== Dataset excerpt ==
'''
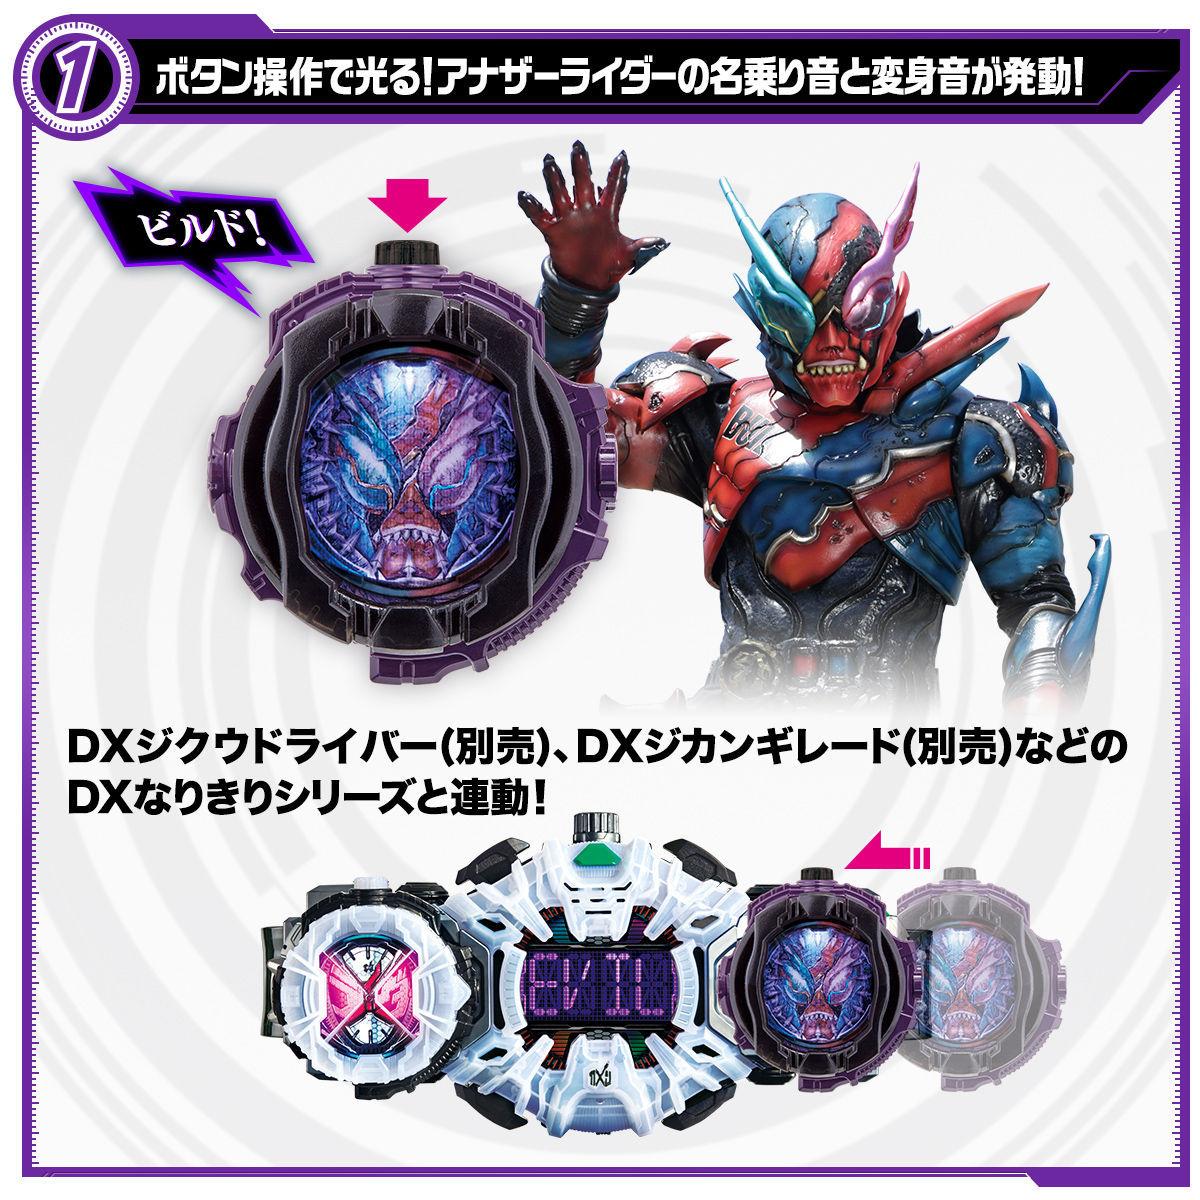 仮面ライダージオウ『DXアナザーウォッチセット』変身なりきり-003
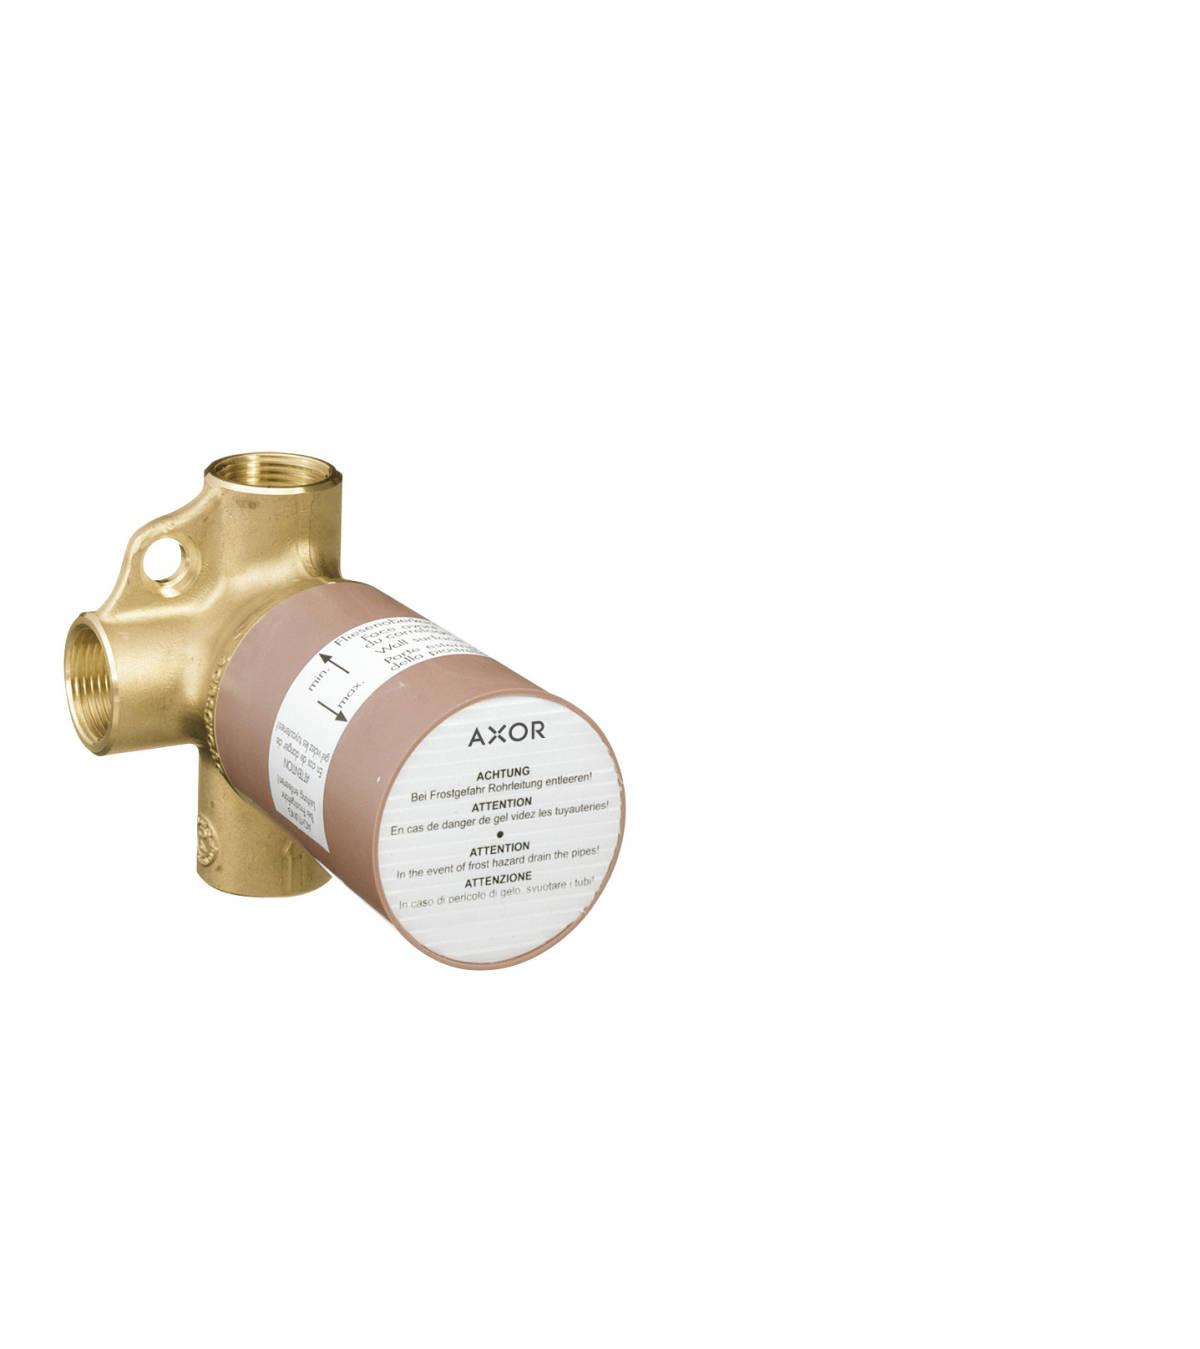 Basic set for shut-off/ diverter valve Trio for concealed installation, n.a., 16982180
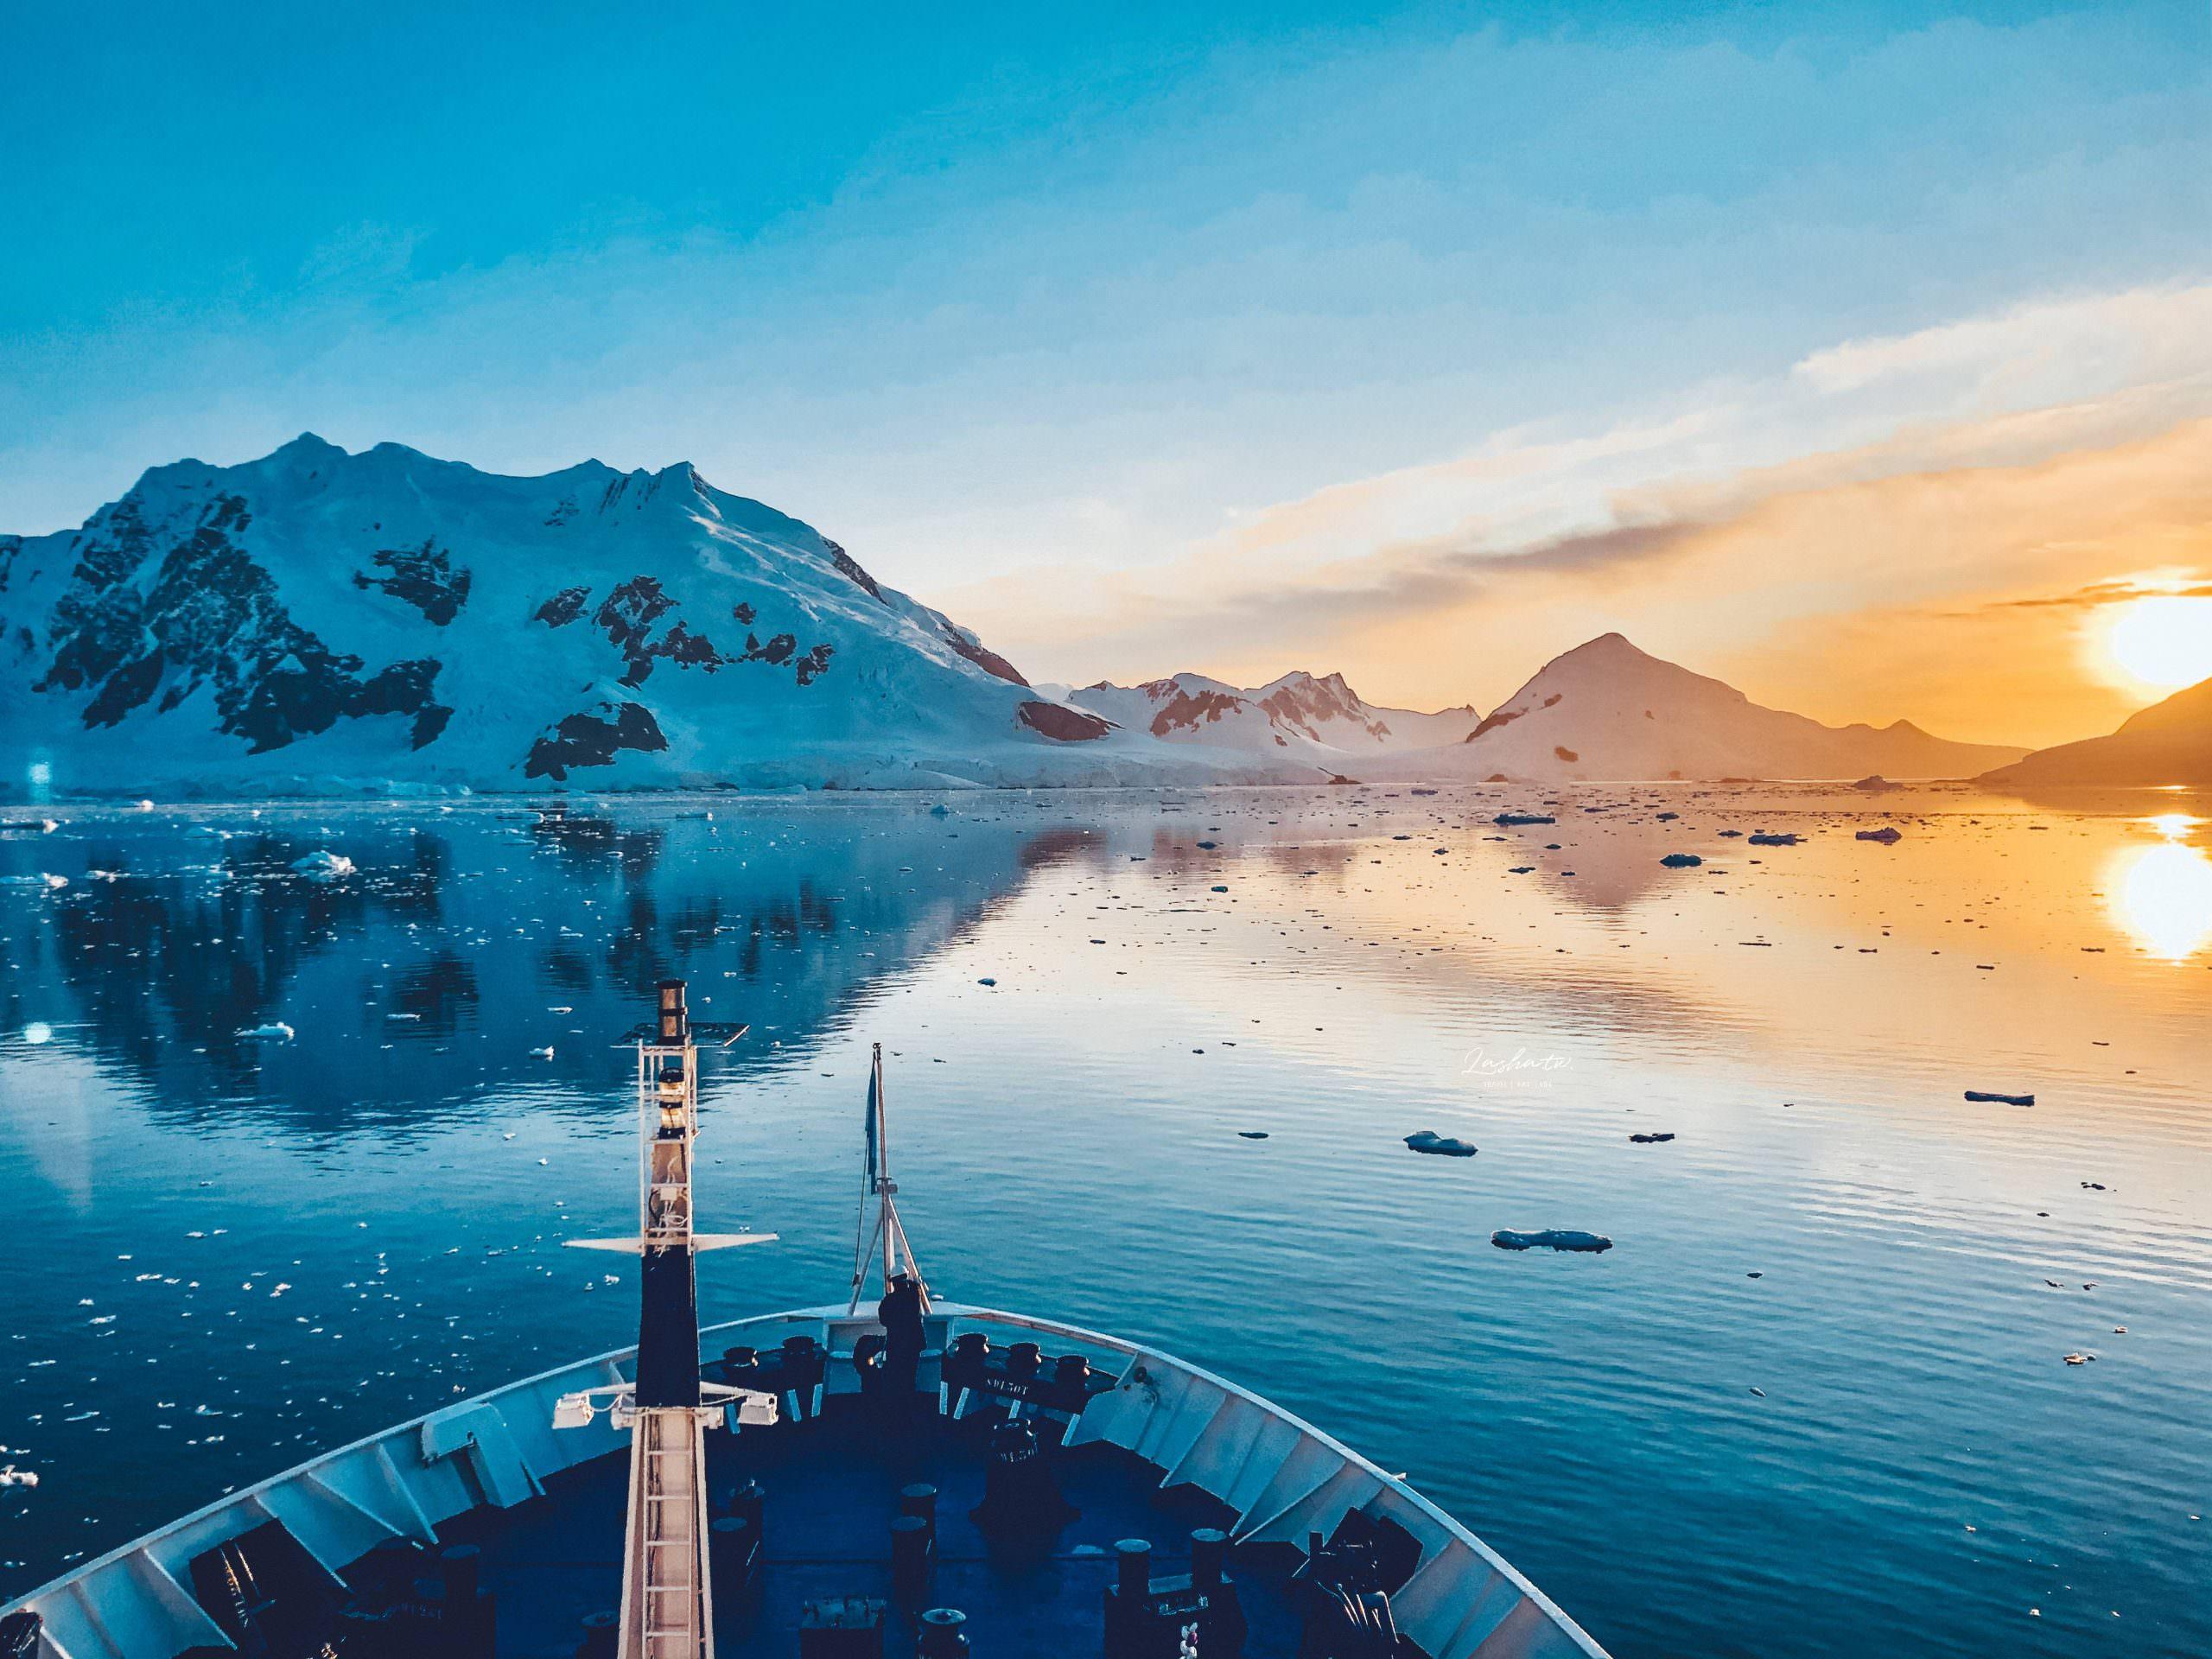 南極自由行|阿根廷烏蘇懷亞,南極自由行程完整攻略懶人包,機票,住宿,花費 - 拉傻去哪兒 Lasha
'''
Transcribe the whole listing exactly as it stands, apart from the pictures.

 仮面ライダージオウ『DXアナザーウォッチセット』変身なりきり-003
 Basic set for shut-off/ diverter valve Trio for concealed installation, n.a., 16982180
 南極自由行|阿根廷烏蘇懷亞,南極自由行程完整攻略懶人包,機票,住宿,花費 - 拉傻去哪兒 Lasha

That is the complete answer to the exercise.